Table 6: Number of clusters (k)=4.

Report_Date: It is observed that for k=2, 3 the report date is same i.e. 1.30, which signifies that most of the cases were reported on the same day. While for k=4, other major days can be obtained.

Location: In the dataset, 70 distinct locations are present. While most of the cases are reported for location coded between 2.34 to 2.37. For k=4, other major locations can be obtained by using the mean and weight of the Gaussian.

Data_feild: It signifies, the type of case reported, data field coded as 4.21 was reported the most. For k=4, most types of cases can be found by corresponding mean and weight.

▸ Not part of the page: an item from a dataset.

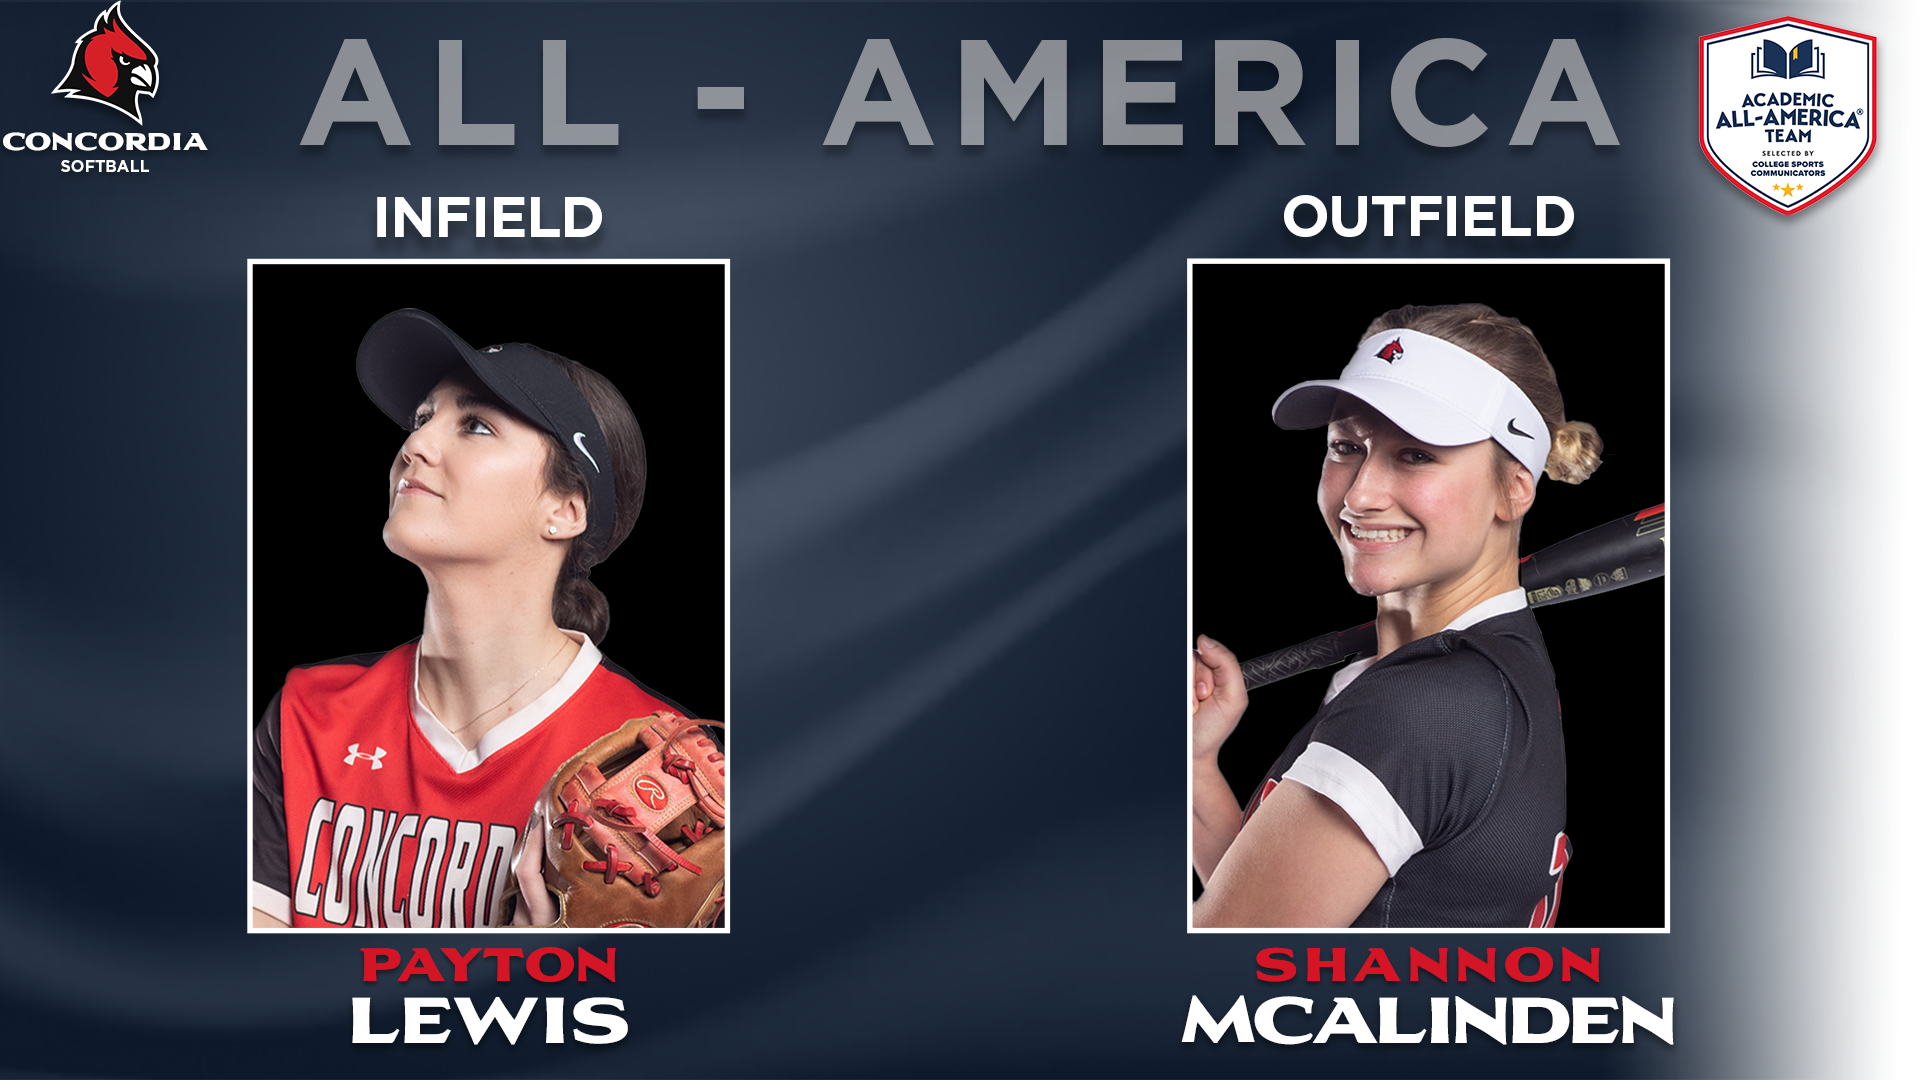 CSC names Lewis and McAlinden to All-America teams

There was a widespread Epidemic of Zika virus in 2015 which was mainly spread by Aedes mosquitos. Due to its sudden emergence as a deadly human pathogen, it created a lot of chaos among the general people. One of the problems was to determine the intensity of spread of the virus with a large number of records. In this paper, the authors have presented the method for clustering of Zika virus epidemic using Gaussian mixture. The data complexity is reduced by using Entropy-based ranking. It calculates the Information gain from each attribute. Therefore by retaining the most significant data the authors increased the accuracy of the system and producing faster results.

Number of clusters (k) is the important criteria for the determining the accurate knowledge from the data. For k=2, Gaussians would not be able to provide much understanding. Increasing the number of clusters to k=3 and further to k=4, provide a much accurate insight from the data. As the number of clusters increases, the farther data points also contribute more to the information, thus deriving greater knowledge from the data. However, increasing the number of cluster further may not provide any significant difference in the result and will take more amounts of computation and other resources.

The Gaussian mixture model is the appropriate model of clustering for this study, as it is a type of soft clustering method, which considers mean, variance and weight of the clusters. Using this clustering method, the major locations, types and reported dates are found, which can be useful in understanding the spread of the virus. The program can work on any numeric type dataset, and form appropriate Gaussian clusters to provide some insight from the data. In future, the present study can be expanded to include the visualization of these clusters and the spread of the virus in the world during the epidemic in real time. Also this method can be used to analyse the spread of any other epidemic in the future.